Trends in Utilization

Benefits of Telemedicine

Potential Challenges of Telemedicine

Telemedicine Legal Considerations

Telemedicine Best Practices: Communication

Introduction

As technology has developed, so has people's ability to overcome the traditional communication barriers of time and distance. The practice of telemedicine (also known as virtual visits, telehealth and e-health) is a step forward in the health care industry, as it uses telecommunication to bridge the gap of time, distance and affordability to reach patients in need of medical attention.
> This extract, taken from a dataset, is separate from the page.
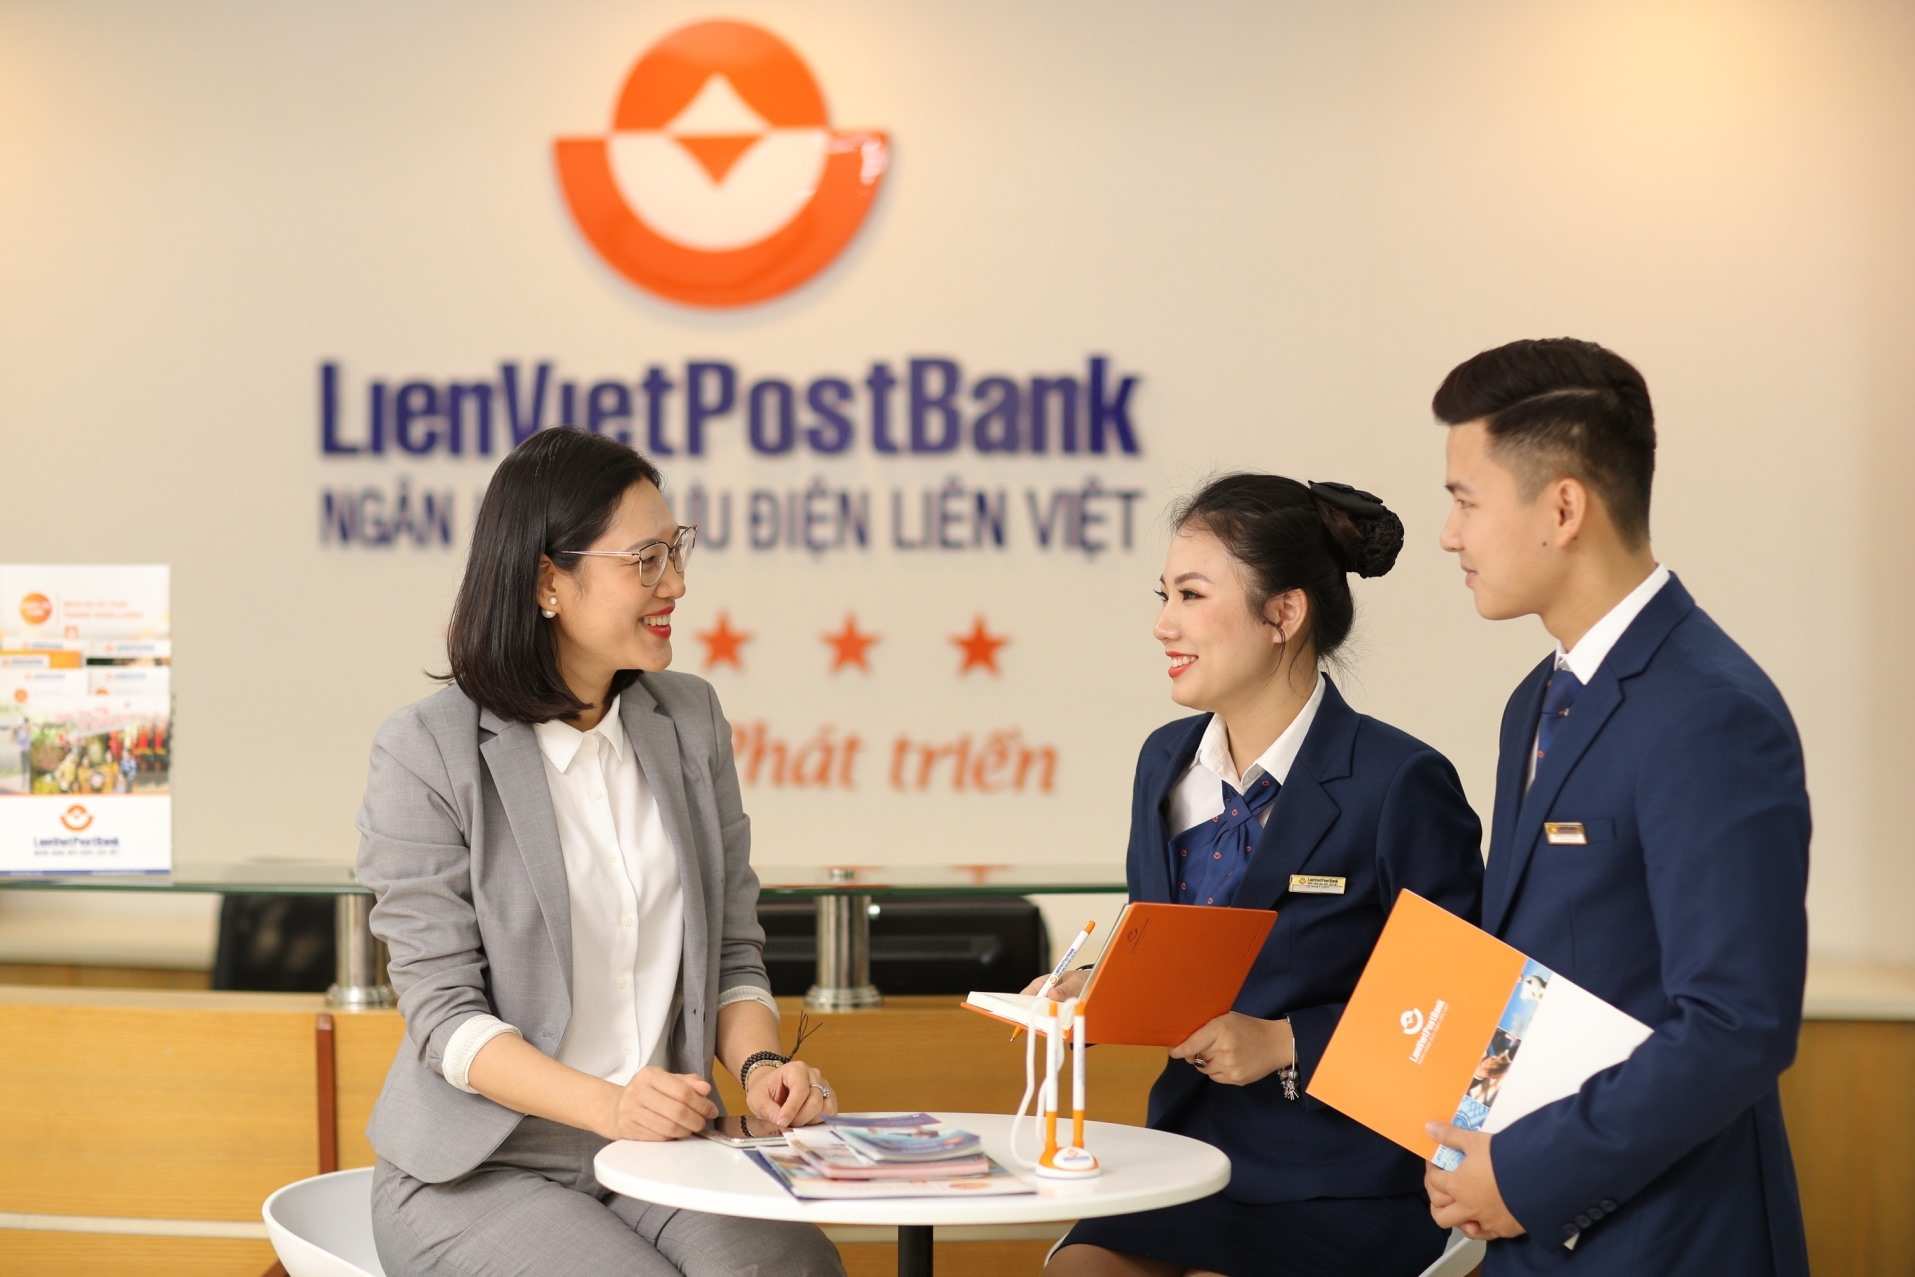 Giờ làm việc ngân hàng LienVietPostBank hiện nay như thế nào?

This article serves as an introductory guide to telemedicine. It is not exhaustive and is intended to be used only for informational purposes. Employers should contact a professional before implementing a telemedicine plan.

What Is Telemedicine?

Telemedicine uses technology to facilitate communication, whether real-time or delayed, between a doctor and patient who are not in the same physical location for the purpose of medical evaluation, diagnosis and treatment. Usually, a patient is able to communicate from their home with a doctor through a live video, audio or patient data transfer system. Doctors can see the patient and assess their symptoms as well as obtain the patient's records and medical history from electronic medical records.

Advances in telecommunication allow the exchange of medical information from one site to another to serve patients in a clinical setting. Although telemedicine is not a complete replacement for direct patient care, it can be a useful tool for a variety of medical services, such as evaluation, diagnosis and prescribing treatment. Moreover, virtual care is capable of reducing the number of emergency room (ER) visits, conserving health care resources and limiting the spread of the illness by treating patients remotely.

Trends in Utilization

Since its introduction into the health care landscape, telemedicine has grown at a rapid pace—and it continues to do so. The Centers for Medicare & Medicaid Services reported that Medicare visits conducted through telehealth in 2020 increased 63-fold from approximately 840,000 virtual visits in 2019 to 52.7 million visits. This increase indicates the growth potential for telemedicine, thanks in large part to the COVID-19 pandemic.

The pandemic created significant demand for telemedicine services, and during this period, telemedicine has proven just how viable it can be. Many insurers are already covering telehealth under their plans, and it's a safe bet that others will do the same. During the pandemic, telehealth services have seen a significant increase in utilization. As technology continues to evolve and the price of traditional health care increases, employees may be more likely to choose telemedicine as a routine health care option. To meet this demand, employers should become informed on telemedicine services.

Telemedicine Growth Potential

Virtual health care has been around for decades, but its true potential is only now being seen in the fight against COVID-19. Overall, virtual health care is reducing the burden on hospitals as they deal with the coronavirus.

The following are examples of why virtual health care is on the brink of massive growth:

  • Generational demand —Nearly three-quarters of millennials prefer a telehealth approach instead of a traditional visit.
  • Insurance support —As telehealth becomes more widely used, insurance companies are taking more actions to cover related expenses.
  • Expanded reach —Virtual health care services can help address the increased need for the growing aging population and those who live in rural areas.
  • Technology —Technology has and will continue to evolve and advance, making telemedicine easier to use and access.
  • Workforce shortage —Telehealth services can help alleviate the negative impacts of the current and future nursing shortage.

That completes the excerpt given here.